Philip Tallio has been in prison for 34 years serving time for a heinous crime.
The rape and murder of 22-month-old Delavina Mack rocked the small community of remote Bella Coola, B.C. in April 1983. Tallio has always maintained his innocence though an alleged confession is a part of the Crown’s evidence.
After the University of British Columbia (UBC) Innocence Project took on his case, an appeal was filed in 2016.
APTN National News, in partnership with the Vancouver Sun, argued successfully in court for files related to the appeal to be unsealed. “A Case for Innocence” airs tonight (Jan. 12) on APTN Investigates.
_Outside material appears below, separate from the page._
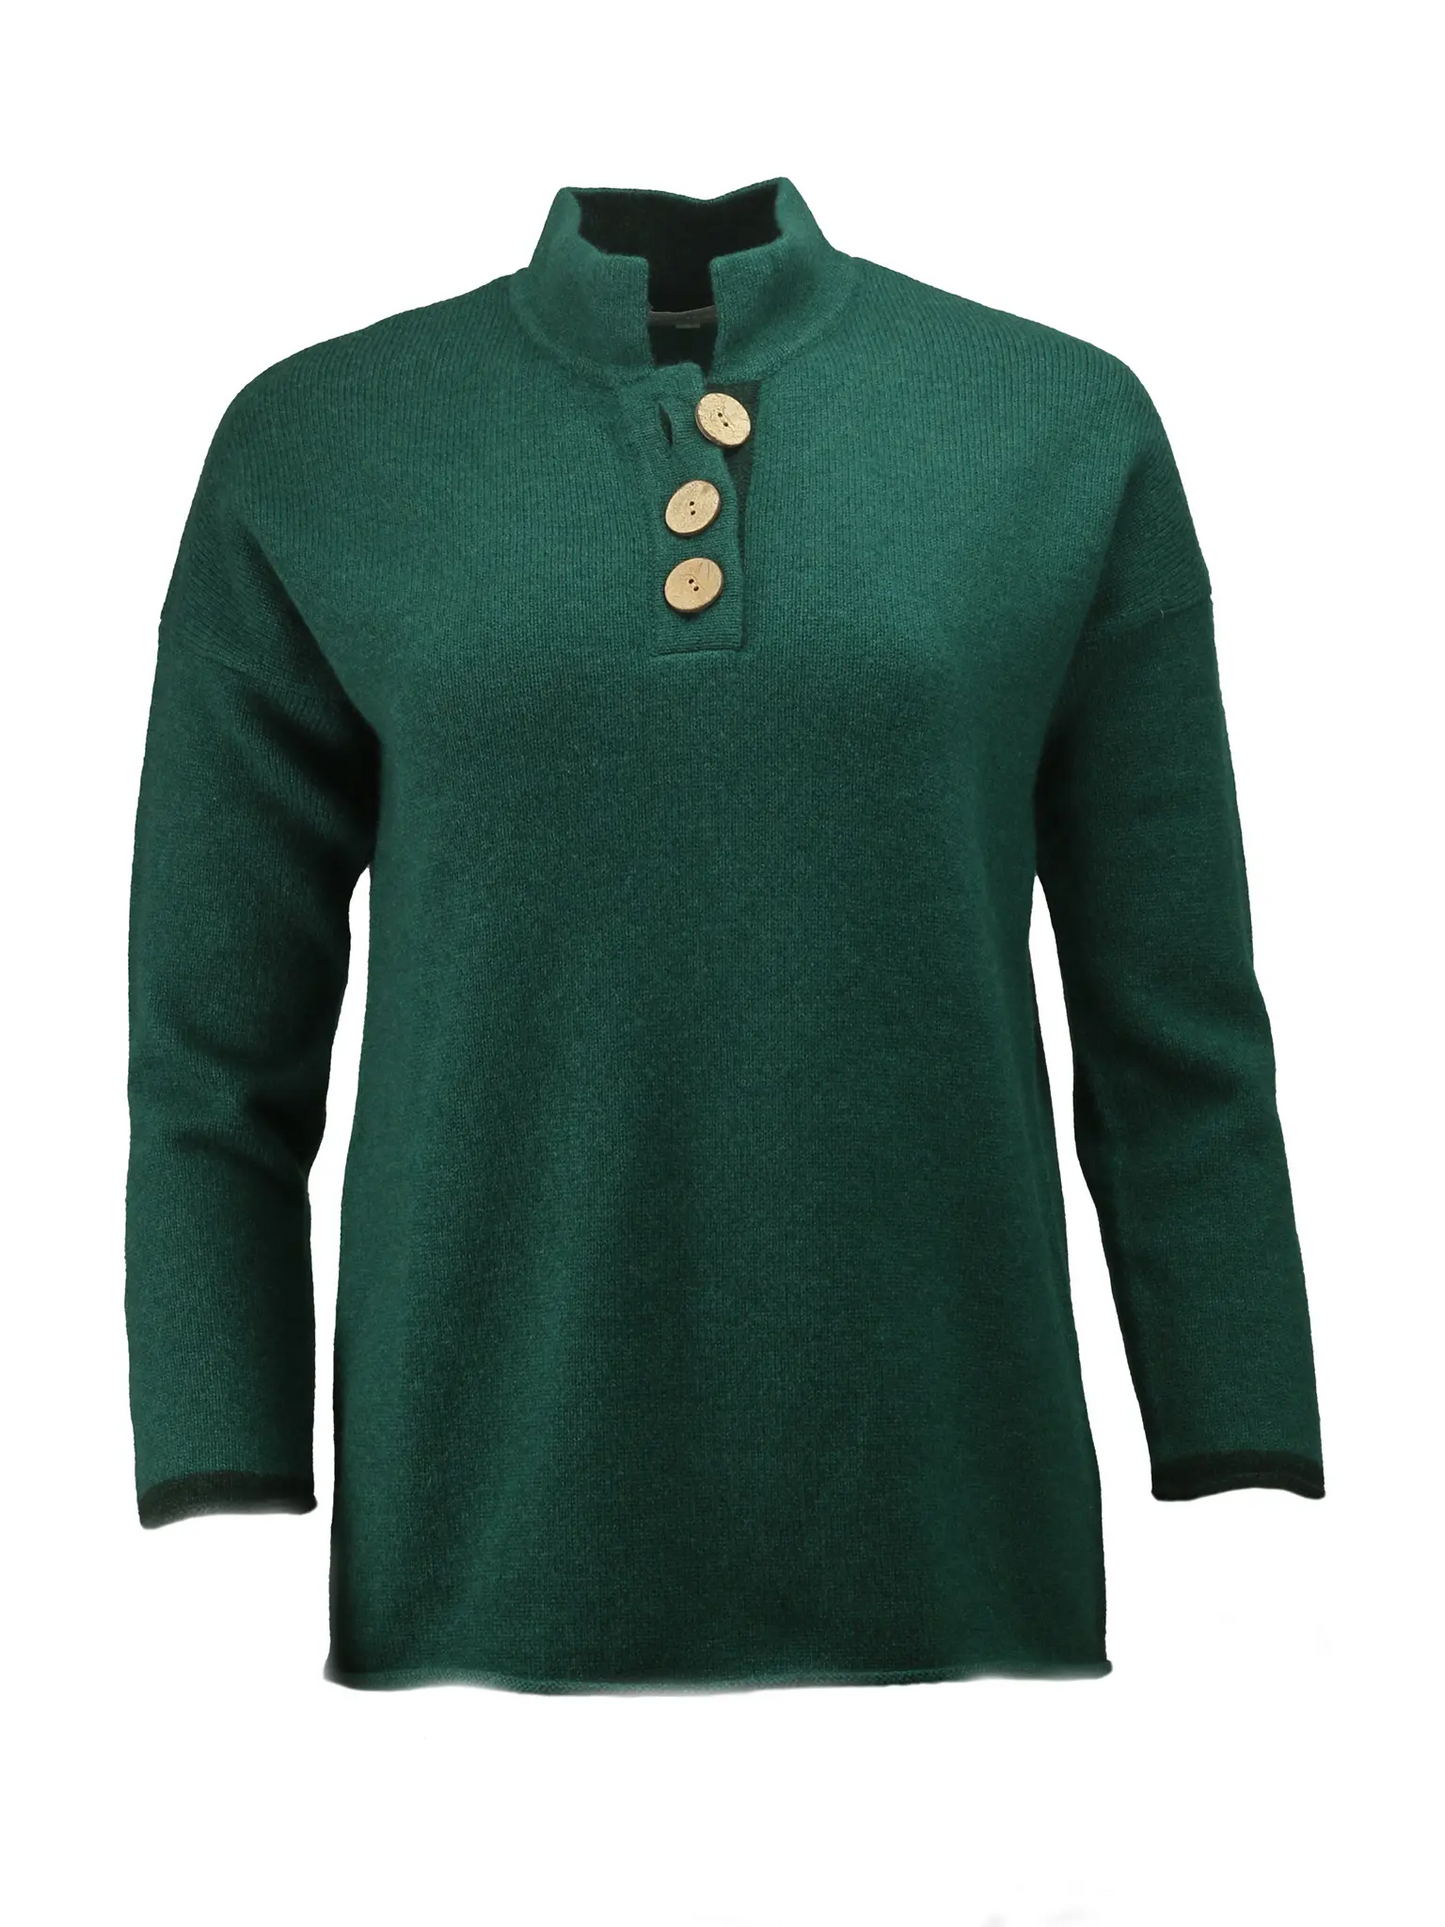 womans high collar jumper in contrast green mytrle with large coconut buttons in boxy fit by misty cashmere

A number of documents are still subject to an ongoing publication ban.
“Because he maintains his innocence he actually has been in prison for decades longer then he had to be,” said his lawyer Rachel Barsky.
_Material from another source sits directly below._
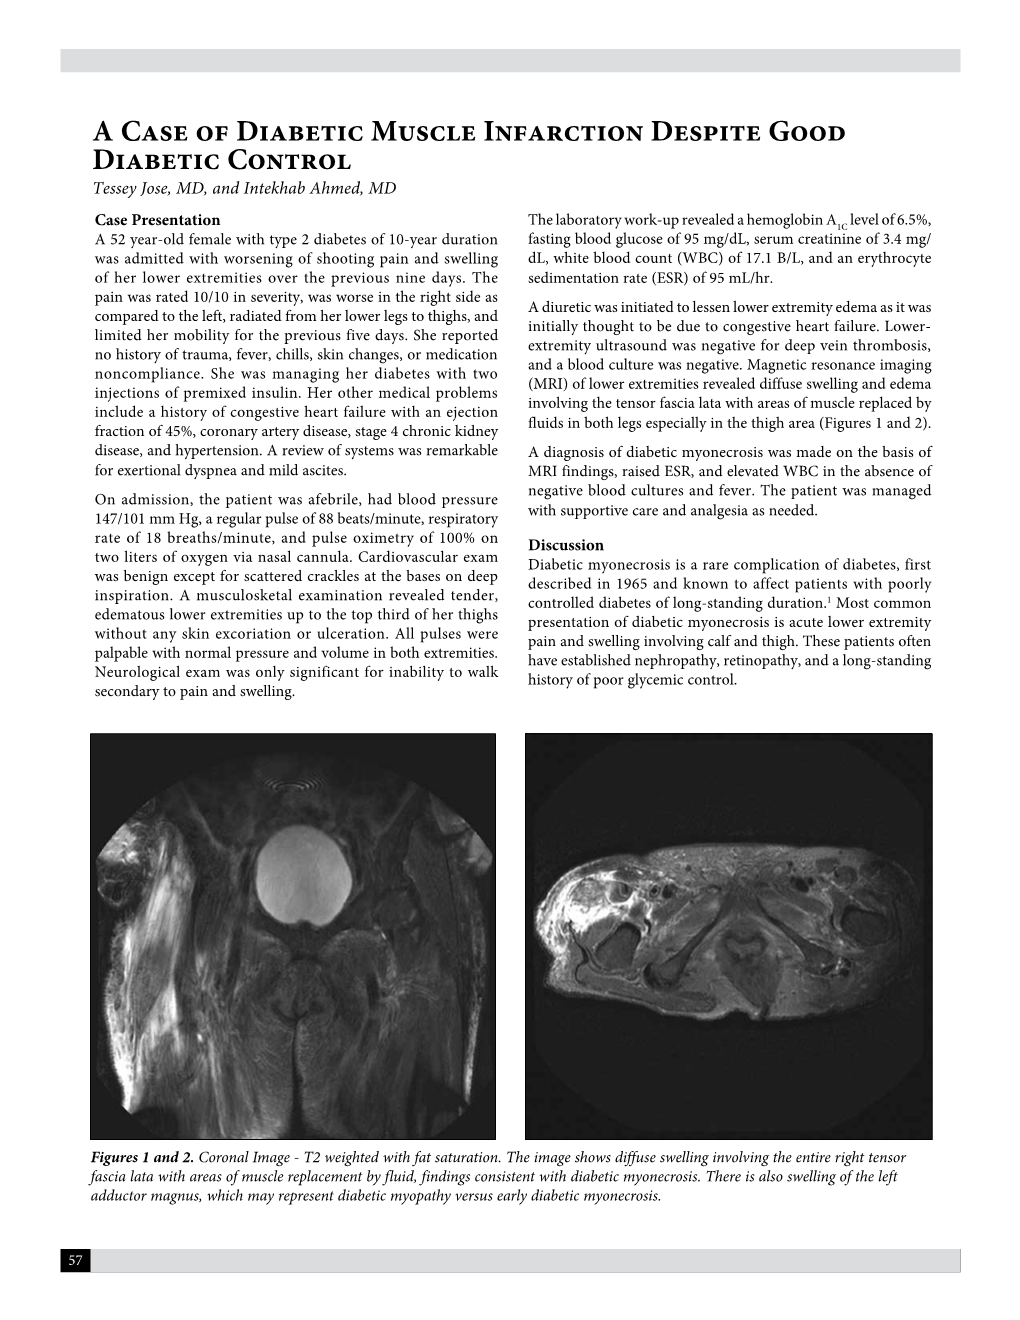 A Case of Diabetic Muscle Infarction Despite Good Diabetic Control Tessey Jose, MD, and Intekhab Ahmed, MD

Barsky took up his case as part of the UBC Innocence Project and has been working on the appeal since 2009.
The night Delvania was killed, Philip was at a house party at his Uncle Cyril’s house and Delavania’s parents were also there. The baby had been left with grandparents, Sam and Gert Mack.
Tallio says he was asked by Delavania’s mother Lotta to go and check on the child.
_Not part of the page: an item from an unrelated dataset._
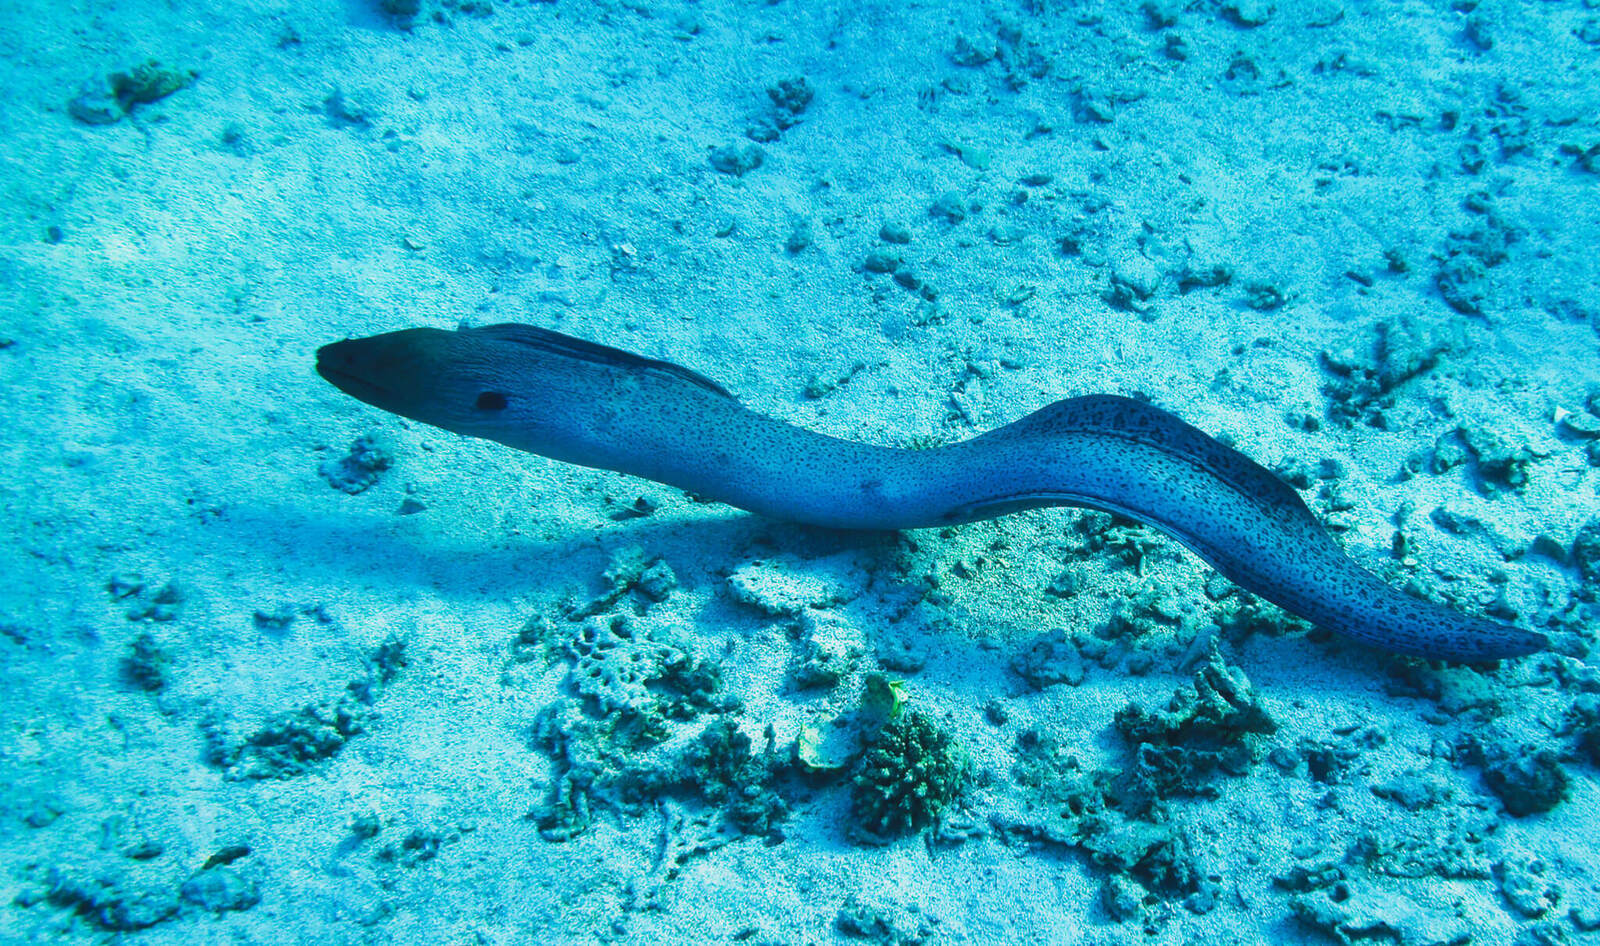 Overfishing is Driving Eels to Extinction. Can Forsea Foods’ Cell Technology Save Them?

“I knocked, called if anybody’s home. Went upstairs, Sam and Gert sleeping in the living room.” Tallio said in an interview with RCMP in 2011. “And you can smell the booze in the air. Delavina wasn’t with them so I went from door to door. Found her in the corner room. Could see that she wasn’t breathing. Her pajamas were down around her ankles. And that’s when I tried to wake up Sam and Gert. They wouldn’t wake up. That’s when I ran back to Cyril and Nina’s.”
Innocence Project lawyers collected a number of sworn affidavits from court officials including a psychiatrist that suggest Tallio had no idea what was happening to him in the court room. They propose a number of alternate suspects for the killing including Tallio’s uncle Cyril who is now deceased.
Lawyers also want new DNA testing based on the development of a procedure in the last year that can distinguish between male members of the same family along the paternal line. They’ve also collected new witnesses who are casting doubt on the efficacy of the initial police investigation.
Tallio declined a request for an interview.